### DIRECTIONS FOR THIS TASK
Set down the data below word for word, and leave the images aside.

### COLLECTED MATERIAL
....
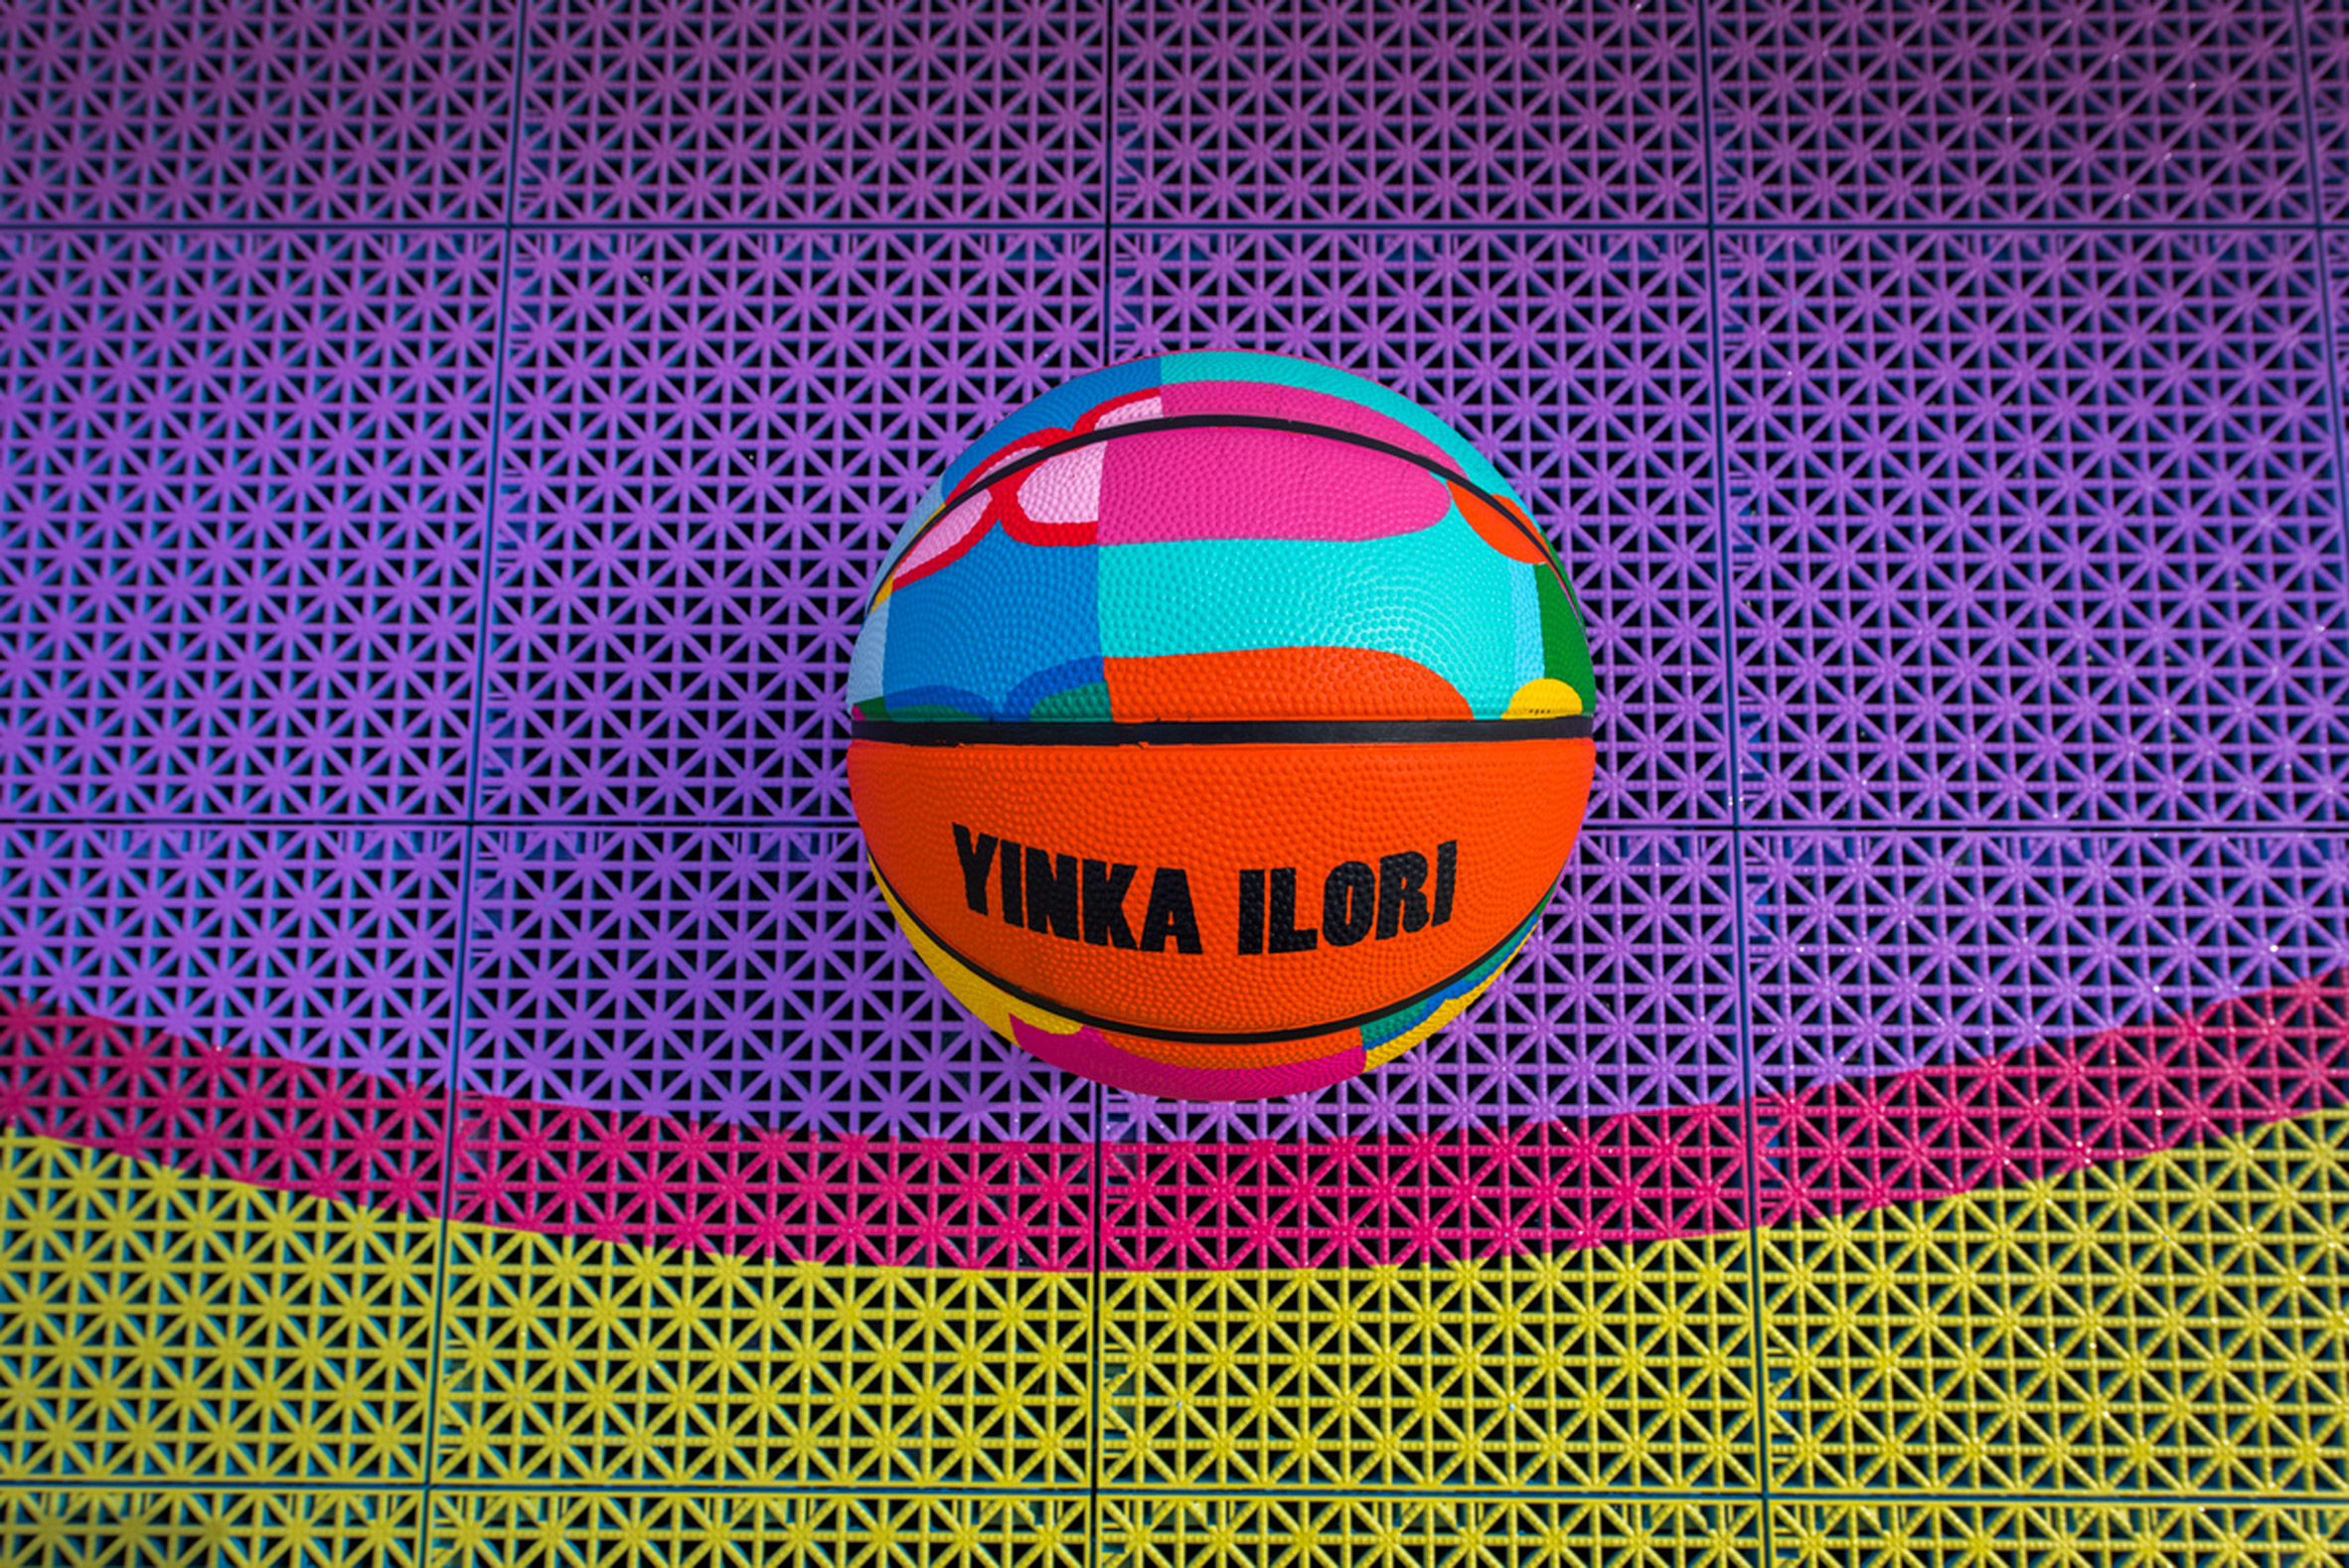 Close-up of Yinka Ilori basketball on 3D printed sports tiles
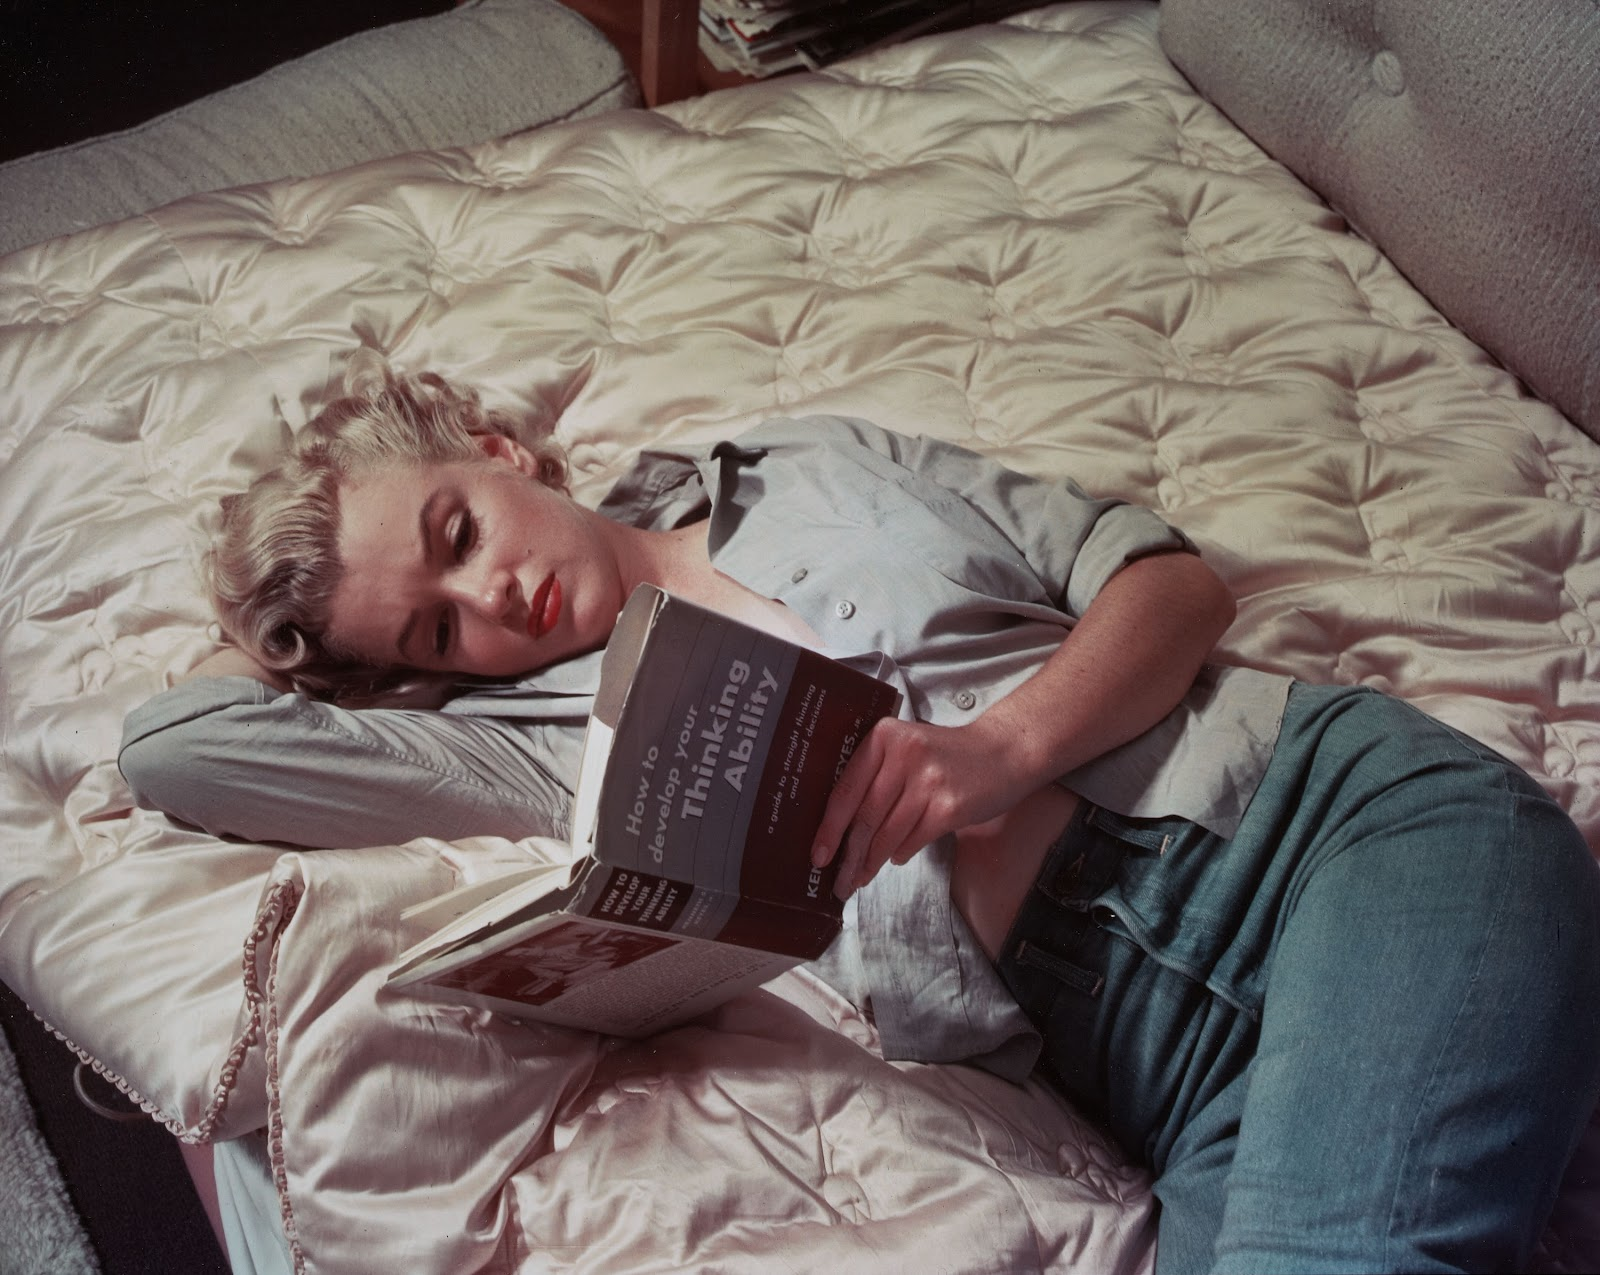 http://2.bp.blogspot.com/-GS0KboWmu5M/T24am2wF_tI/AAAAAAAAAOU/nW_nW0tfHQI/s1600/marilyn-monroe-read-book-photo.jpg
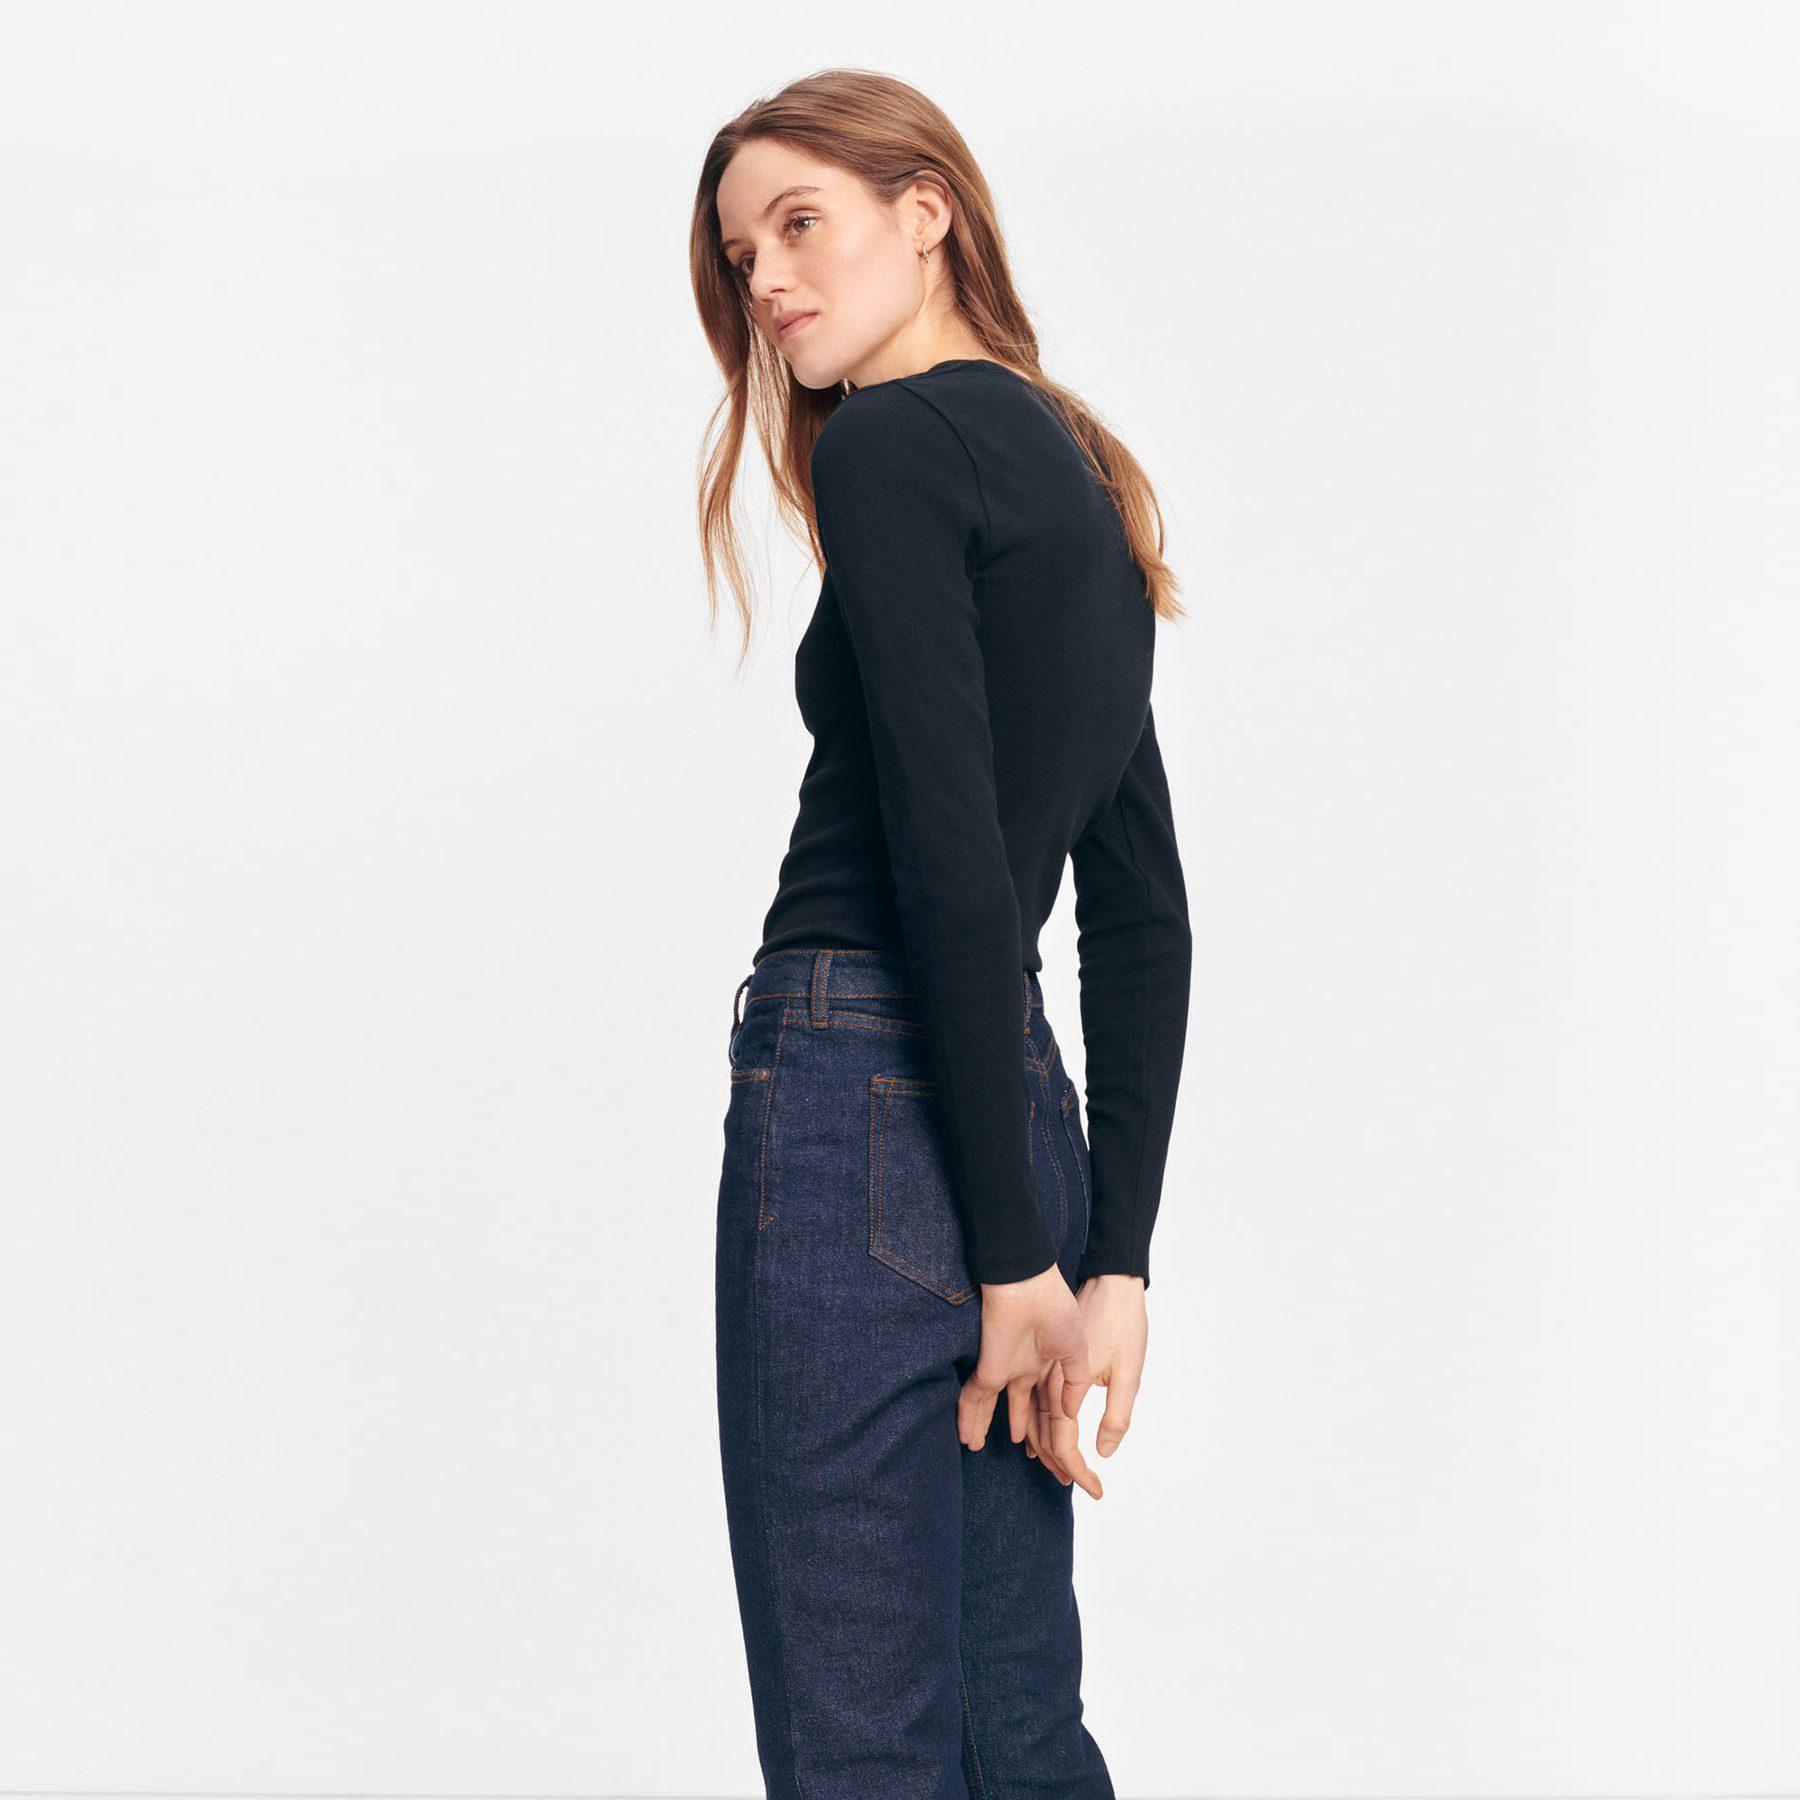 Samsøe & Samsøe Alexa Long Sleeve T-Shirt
....
### SOLUTION FOR THIS PROBLEM
 Close-up of Yinka Ilori basketball on 3D printed sports tiles
 http://2.bp.blogspot.com/-GS0KboWmu5M/T24am2wF_tI/AAAAAAAAAOU/nW_nW0tfHQI/s1600/marilyn-monroe-read-book-photo.jpg
 Samsøe & Samsøe Alexa Long Sleeve T-Shirt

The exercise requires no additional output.